Wednesday, May 21, 2008

Breach of Placing Guidelines

In a bull stock market, placing is not just a profitable business for brokerage houses, but also a temptation to personal trading through secret accounts.

SFC recently reprimanded Wintech Securities Ltd and fined it $450,000 by finding that:
  • Wintech failed to act in the best interests of market integrity when a number of Wintech staff, including a former director and responsible officer (Tsap Wai Ping), subscribed for shares and received their allocations in an IPO through the accounts of two clients;
  • the allocations breached the Placing Guidelines for Equity Securities under Appendix 6 of the Main Board Listing Rules, where no consent was sought or given for an allocation to directors or employees of a placing agent.

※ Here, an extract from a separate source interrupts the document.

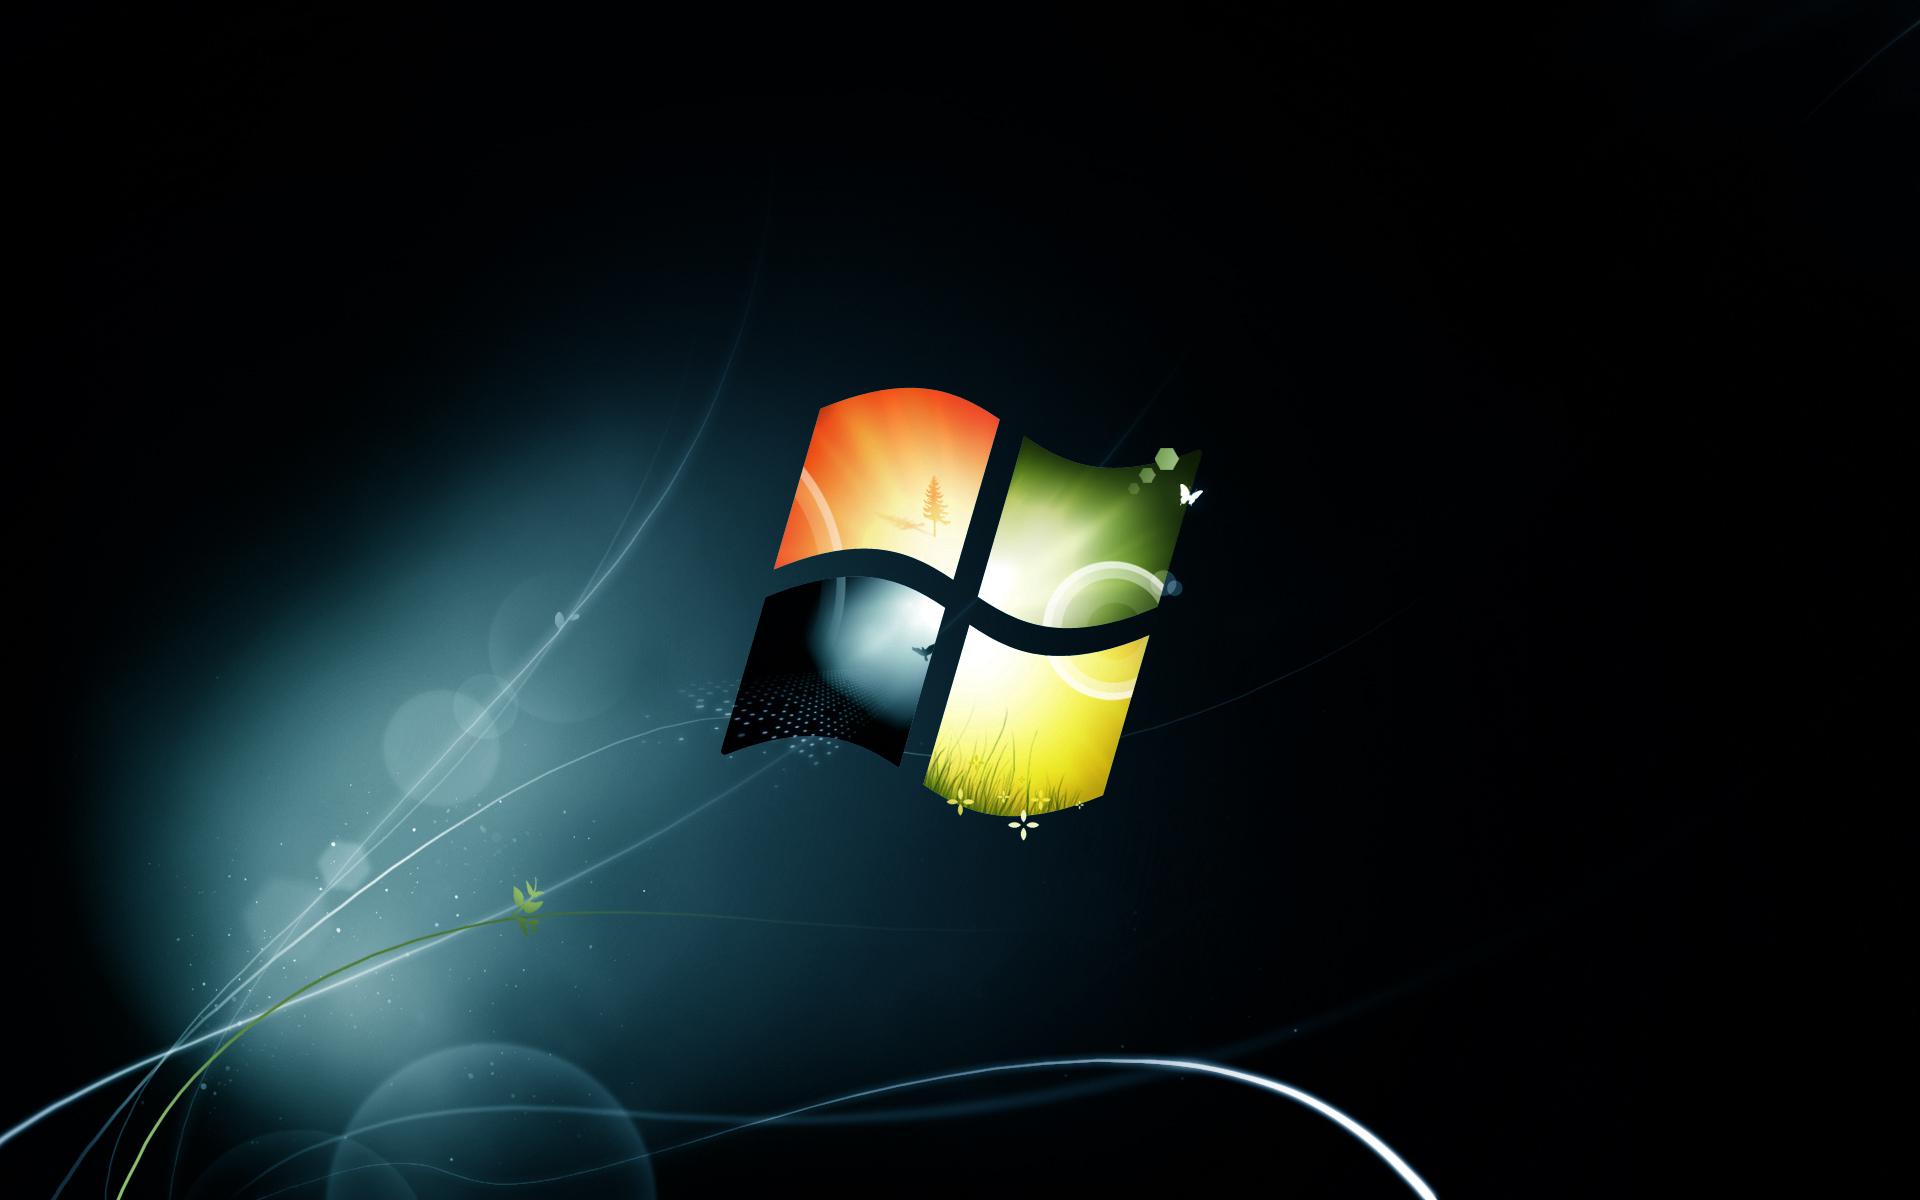 Windows 7 Black Wallpaper ImageBankbiz 1920x1200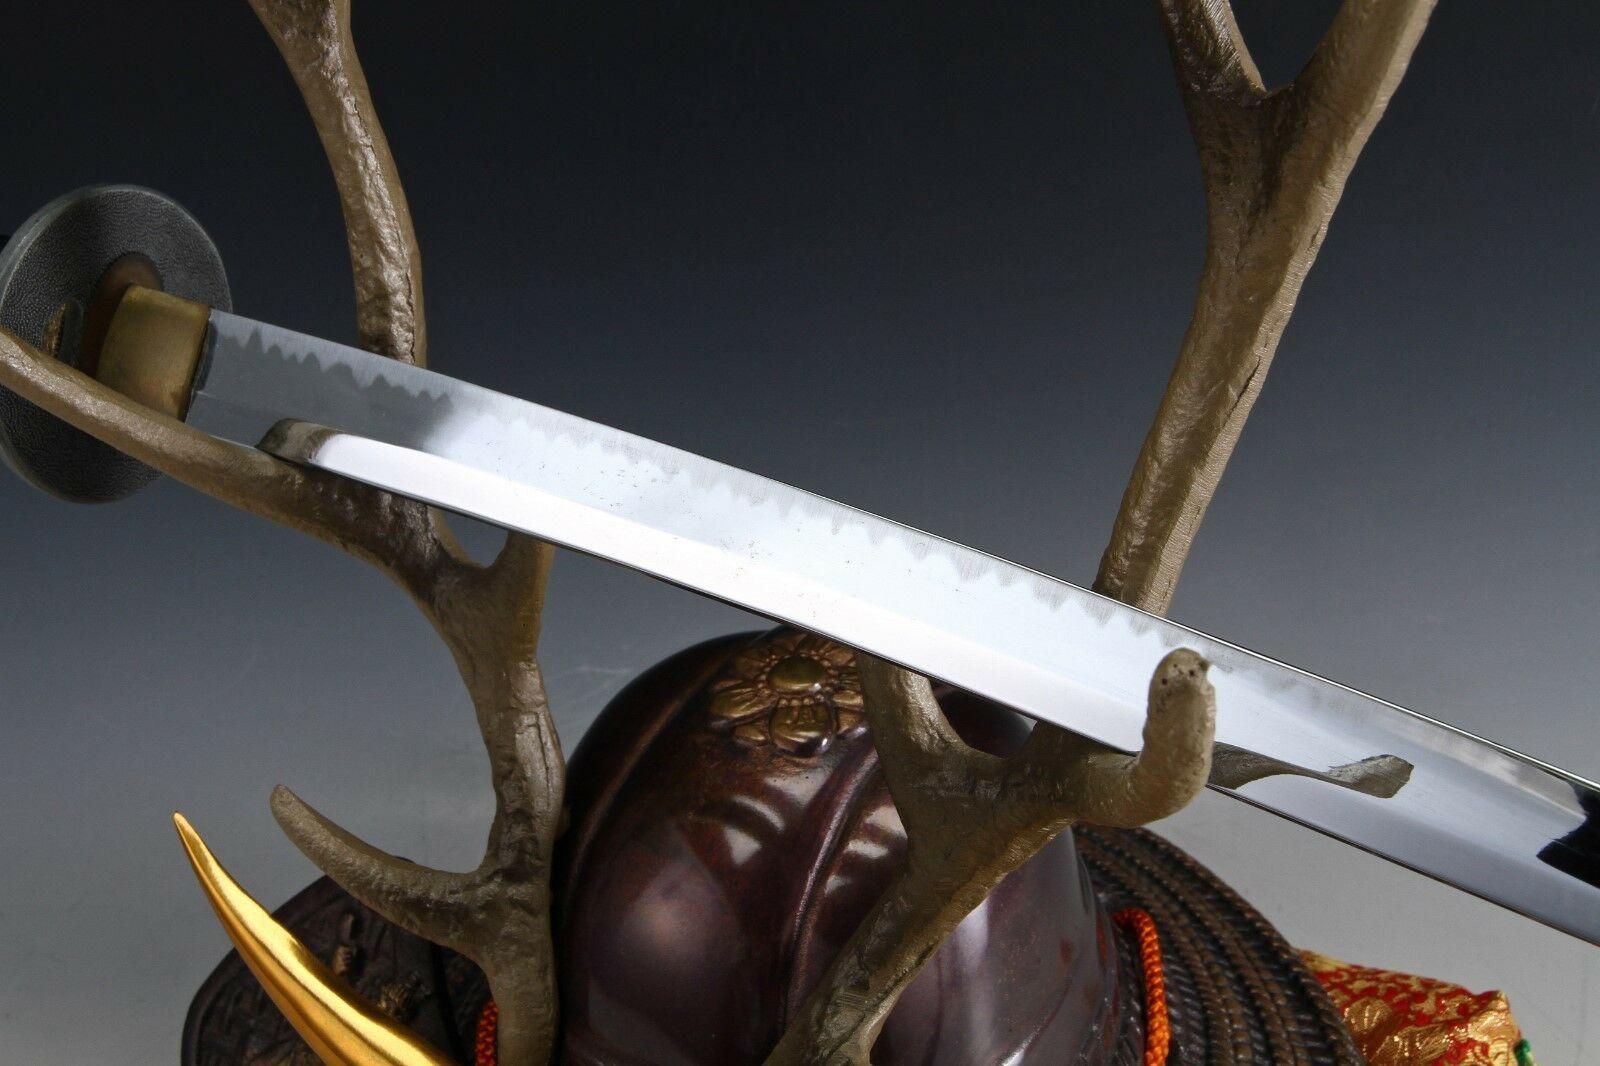 Japanese Beautiful Samurai Helmet -shikanosuke kabuto- with a Replica Blade image 9

Apart from hiding his IPO subscription, Tsap had also:

  • signed new client agreements as a witness when he was not present at the time of execution by the clients; and
  • accepted instructions from an unauthorised third party to withdraw funds from a joint client account without receiving any valid withdrawal instruction from the clients or properly verifying the clients' signatures.

Tsap has been banned from re-entering into the industry for one year and fined $180,000.

Back to the basics - If the account opening process is robust enough, there would not be so many loopholes for improper personal trading.

2 comments:

  1. Anonymous5:50 PM

    Is SEHK's Placing Guidelines For Equity Securities applicable secondary market share placement?

    ReplyDelete
  2. Yes, but the requirements are different from those for IPO placing.